El viento se arremolinaba con los pétalos caídos, revelando una figura alta y esbelta.
El hombre caminó bajo el corredor; en la mano que sostenía el paraguas, llevaba enrollado un rosario de cuentas rojas en tres vueltas, y entre sus dedos se asomaban unos cuantos pétalos de manzano que habían caído al vuelo.
Sus dedos eran tan elegantes como la porcelana fina.
El hombre llevaba media cara oculta bajo el paraguas, sus labios finos estaban tranquilos, sin mostrar ninguna emoción.
Pero irradiaba un aura gélida que calaba los huesos.
Al reconocerlo, a excepción de Don Claudio, todos se pusieron de pie de inmediato para mostrar respeto.
Incluso Cristian, que no podía levantarse, tuvo que bajar un poco la cabeza.
—Rio.
El segundo joven de la familia, Rio Quintero.
Un prodigio de los negocios en Nueva Alborada, que a sus dieciséis años ya hacía temblar a cualquiera.
Justo cuando todos pensaban que alcanzaría la cima del mundo empresarial, eligió otro camino hacia la cúspide.
A los veinte años, se retiró a un monasterio en las montañas.
Era el único devoto espiritual bendecido directamente por un monje superior en Nueva Alborada antes de fallecer.
Según la genealogía de los Quintero, cada cierta cantidad de décadas aparecía alguien tocado por la gracia divina en la familia.
Se contaban historias míticas sobre él; nadie sabía si eran verdad o mentira.
Pero en Nueva Alborada, Rio Quintero era prácticamente un dios.
Tras pasar ocho años en el monasterio de la montaña, hace un año fue solicitado para regresar a la familia Quintero.
En solo un año, se convirtió en el líder absoluto del círculo élite de la ciudad.
Y también era la única carta de salvación a la que Zoa podía apostar en ese momento.
En su sueño, ella había aceptado pasivamente la in vitro y la habían enviado directo al hospital para unos análisis completos.
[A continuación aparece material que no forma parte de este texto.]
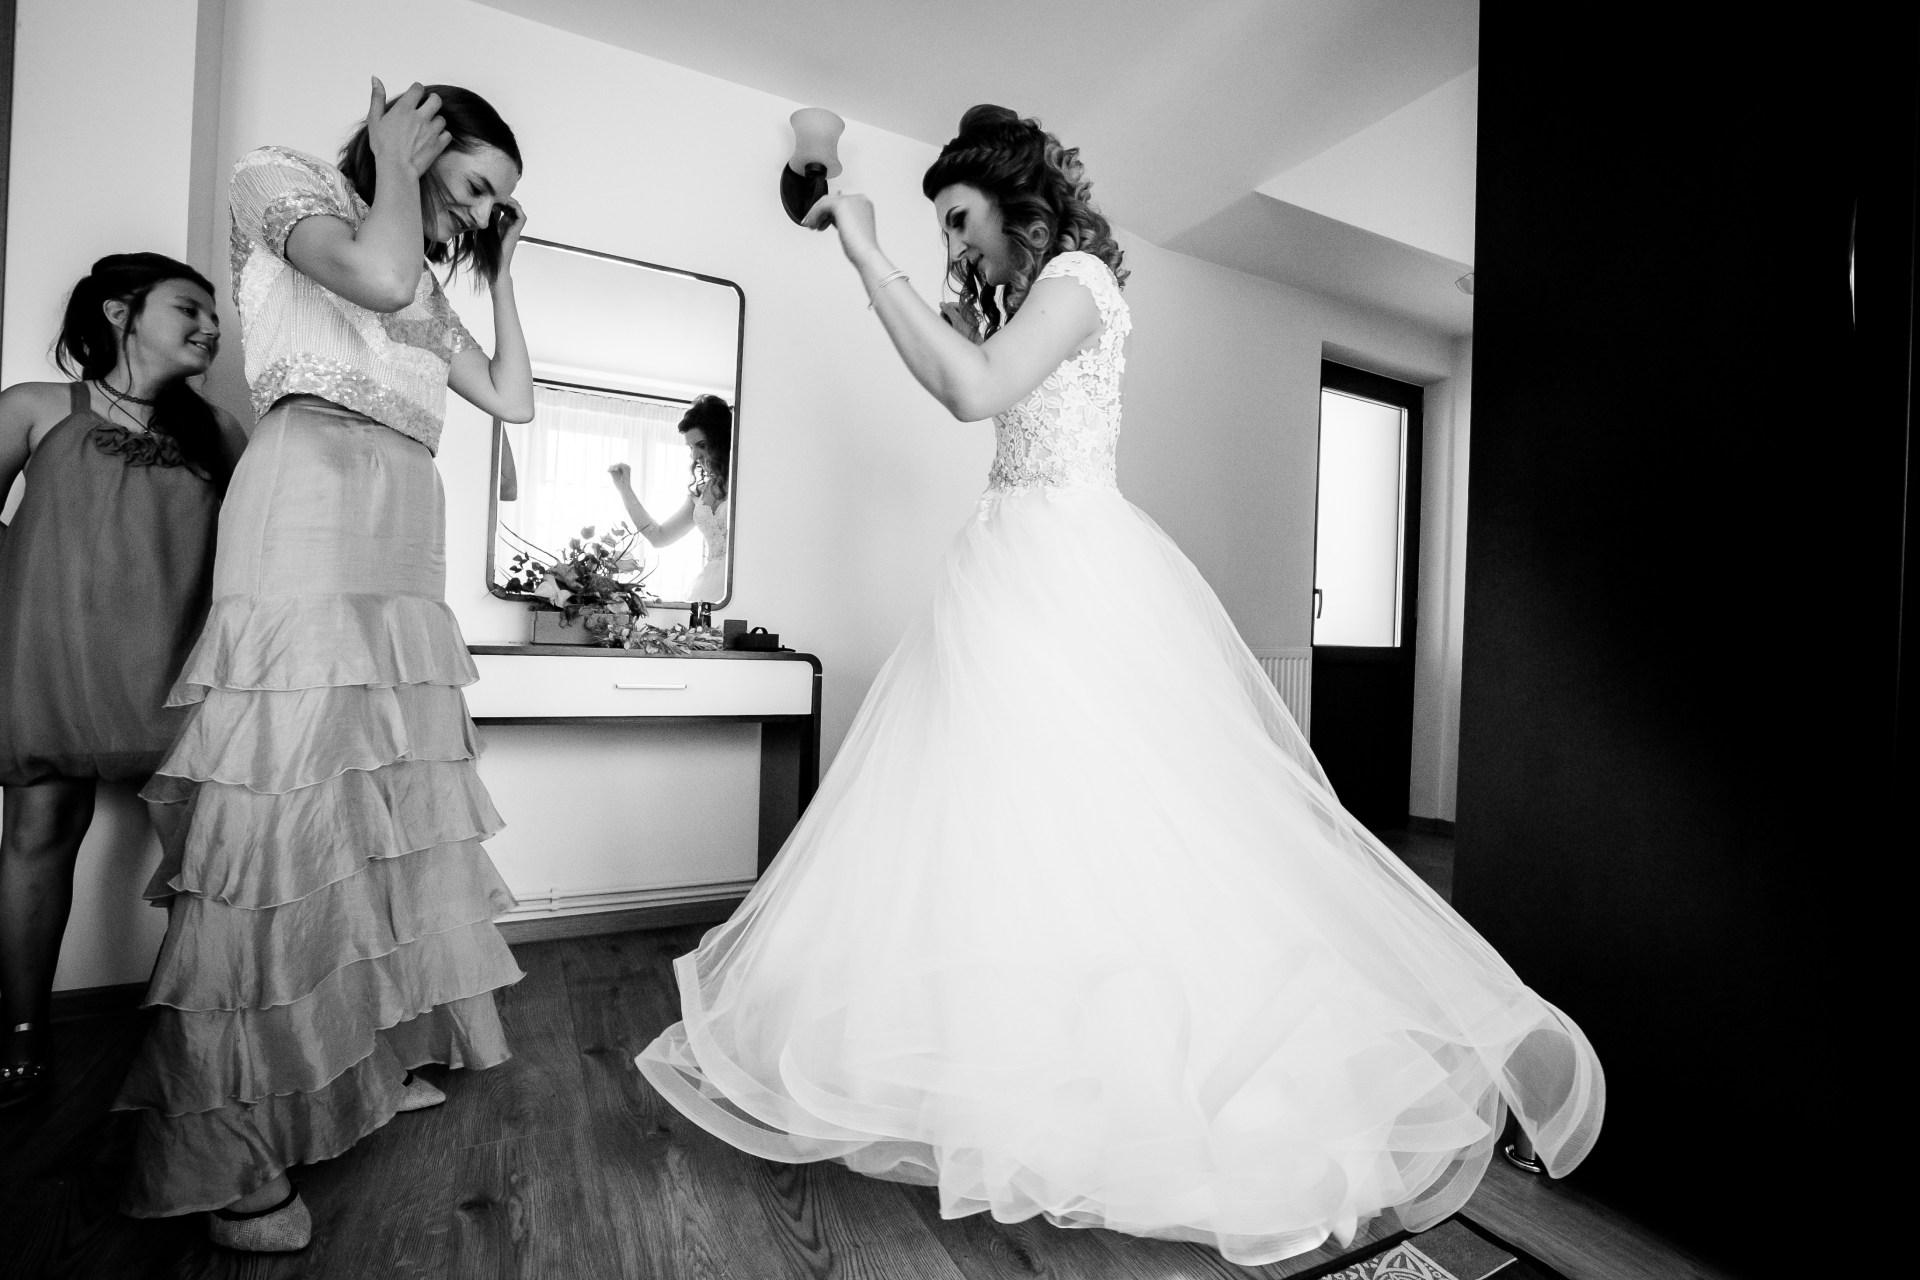 Alexandra si Vlad nunta Pleiada Iasi - pregatiri mireasa - fotograf profesionist nunta www.paulpadurariu.ro © 2017 Paul Padurariu

Justo a tiempo para perderse el regreso de Rio.
Después de perder a su segundo bebé, se enteró de que ese mes era el Mes de la Devoción para Rio, un mes en el que la familia Quintero prohibía estrictamente ver o derramar sangre.
Lo que incluía sacar sangre para análisis.
Pero Cristian hizo que todos se lo ocultaran y, con la excusa del chequeo, le sacaron quince tubos de sangre.
Luego, aprovechando su debilidad, ordenó que le abrieran las piernas a la fuerza para una revisión ginecológica.
Debido a la brusquedad del doctor, el dolor le provocó sangrado.
Quería ir a casa a descansar, pero Cristian la obligó a quedarse internada en el hospital.
Todos los días, las enfermeras la vigilaban para que recibiera inyecciones y medicamentos.
Su cuerpo era como un contenedor; ya no le pertenecía.
Ahora, Cristian falsificaba su infertilidad para obligarla a someterse a la in vitro.
Así que su única salida era aprovechar el estatus de Rio para presionar a Cristian.
Mientras ella pensaba en esto, una brisa fresca pasó por el lugar.
Junto con el viento, llegó la mirada tranquila y distante del hombre.
Zoa se apoyó para enderezarse y vio cómo el paraguas se inclinaba un poco.
La lluvia intermitente ocultaba su rostro, pero no lograba tapar su apariencia casi divina e inalcanzable.
Aunque era un hombre devoto, su ceño profundo no mostraba compasión por el mundo.
Solo tenía la distancia solemne de quien observa desde muy arriba.
Sus miradas se cruzaron; los ojos de él eran increíblemente profundos y fríos.
Era como si pudieran atravesar los ojos de Zoa y ver directo el pánico en el fondo de su alma.